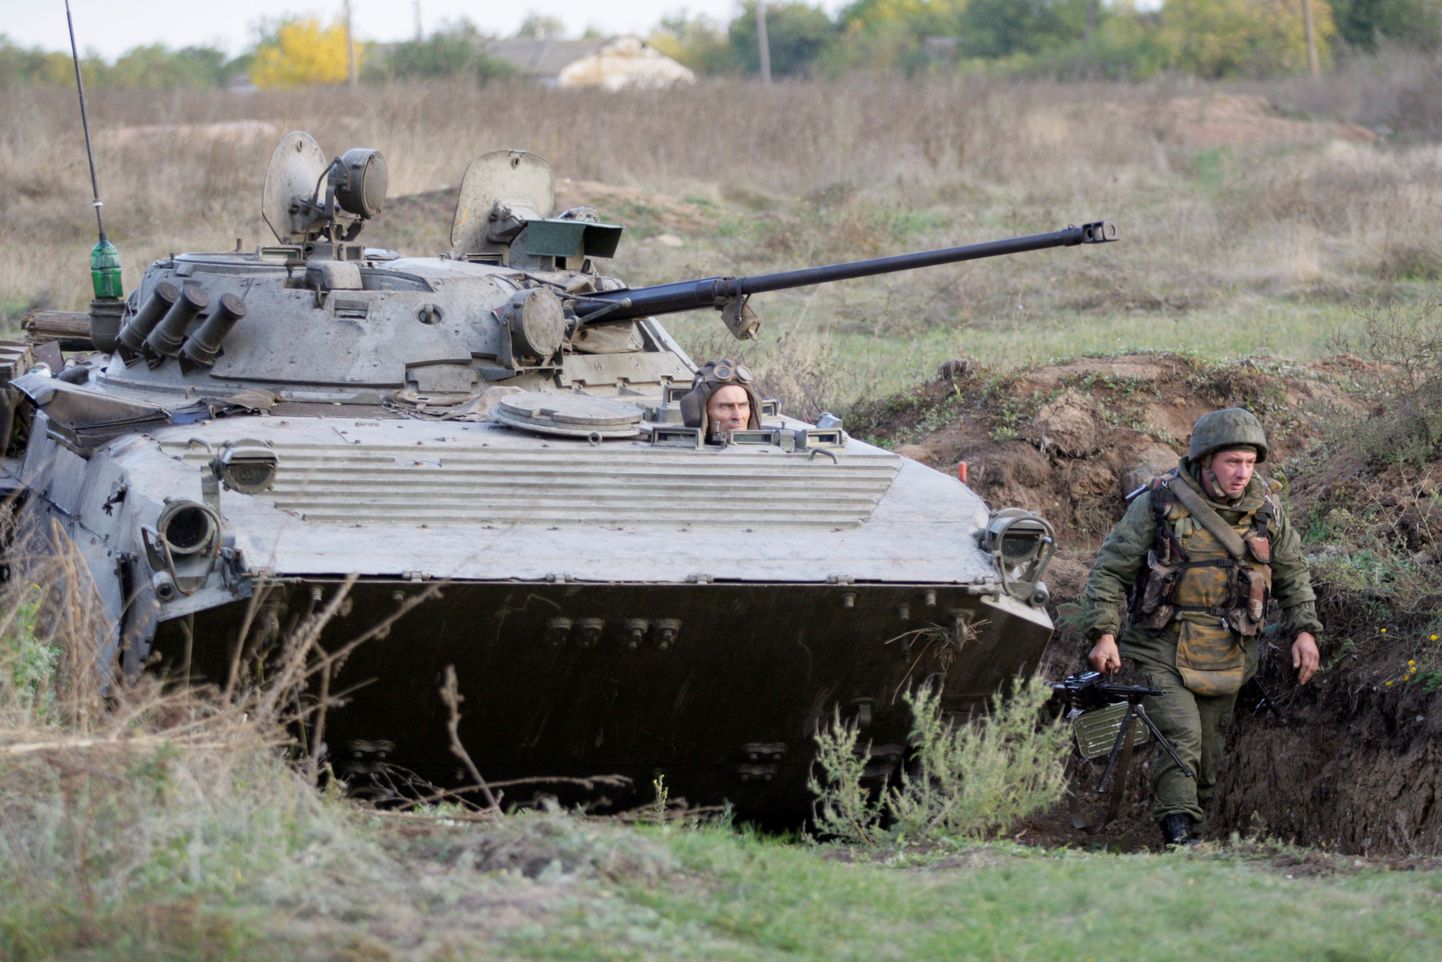 Isehakanud Donetski rahvavabariigi  võitlejad Petrovskoye küla lähedal Ukrainas.
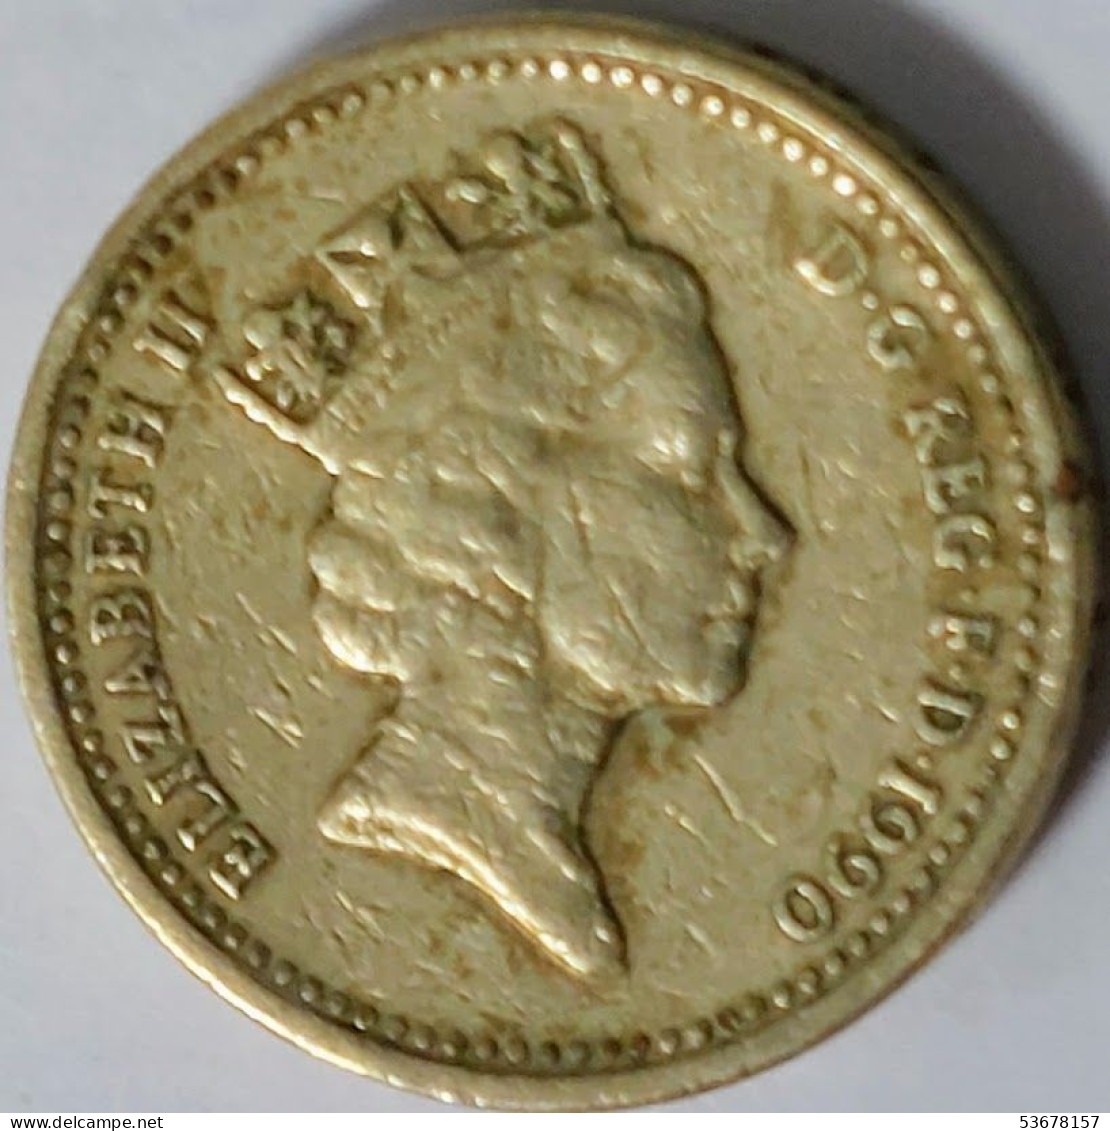 Great Britain - Pound 1990, KM# 941 (#2339) - 1 Pound
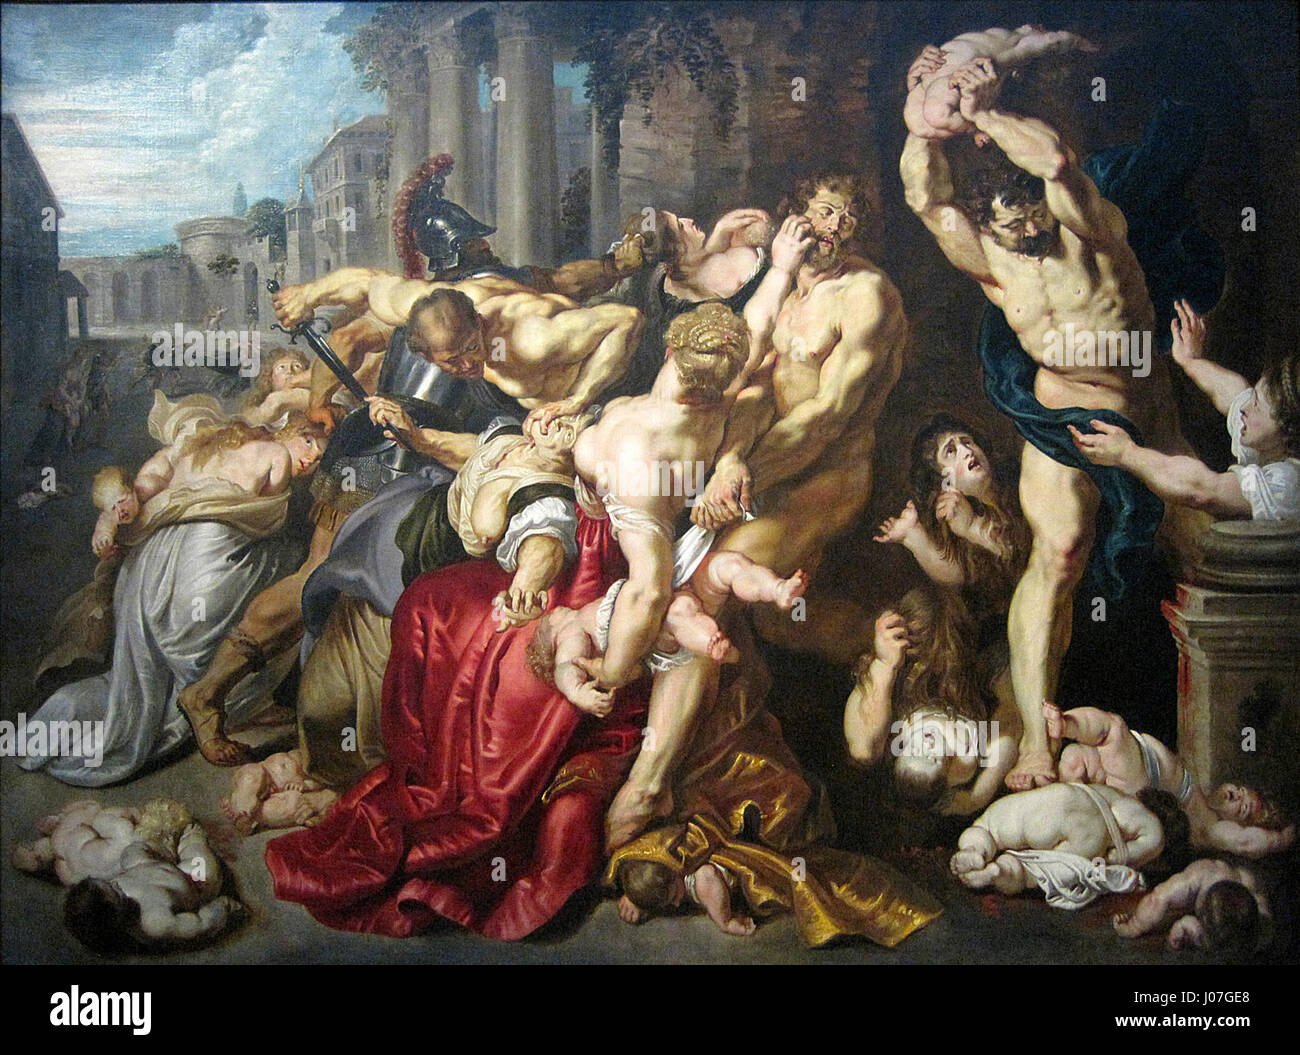 0 Le Massacre des Innocents d'après P.P. Rubens - Musées royaux des beaux-arts de Belgique (2) Stock Photo
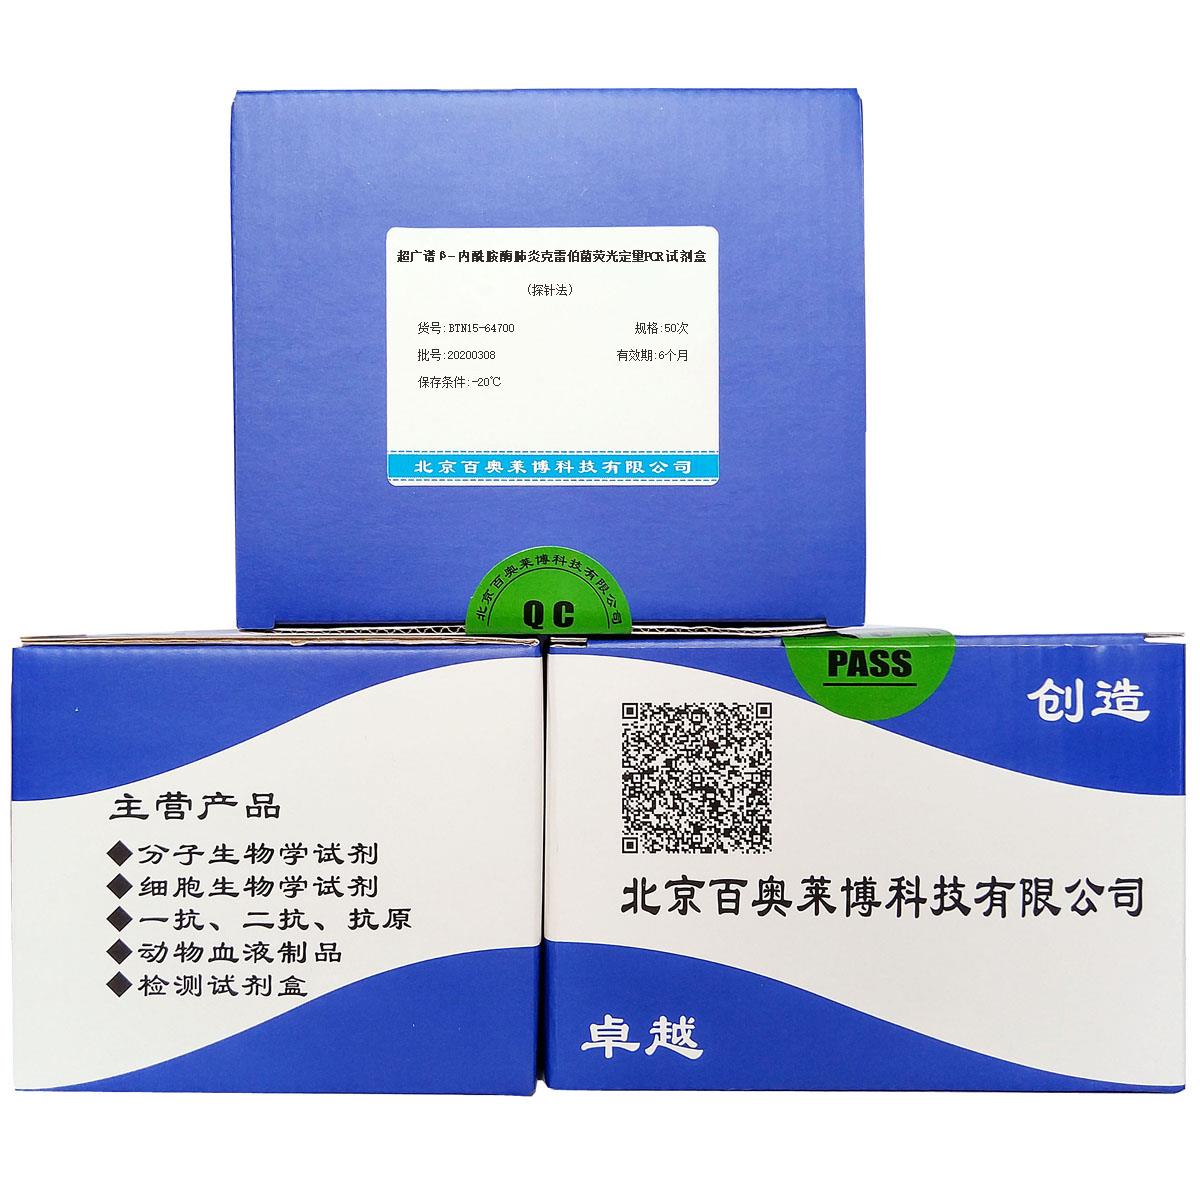 超广谱β-内酰胺酶肺炎克雷伯菌荧光定量PCR试剂盒(探针法)

**WHAT THE TASK ASKS**
What you give back must match the material above exactly, minus its pictures.

**RESPONSE TO THIS TASK**
 Isehakanud Donetski rahvavabariigi  võitlejad Petrovskoye küla lähedal Ukrainas.
 Great Britain - Pound 1990, KM# 941 (#2339) - 1 Pound
 0 Le Massacre des Innocents d'après P.P. Rubens - Musées royaux des beaux-arts de Belgique (2) Stock Photo
 超广谱β-内酰胺酶肺炎克雷伯菌荧光定量PCR试剂盒(探针法)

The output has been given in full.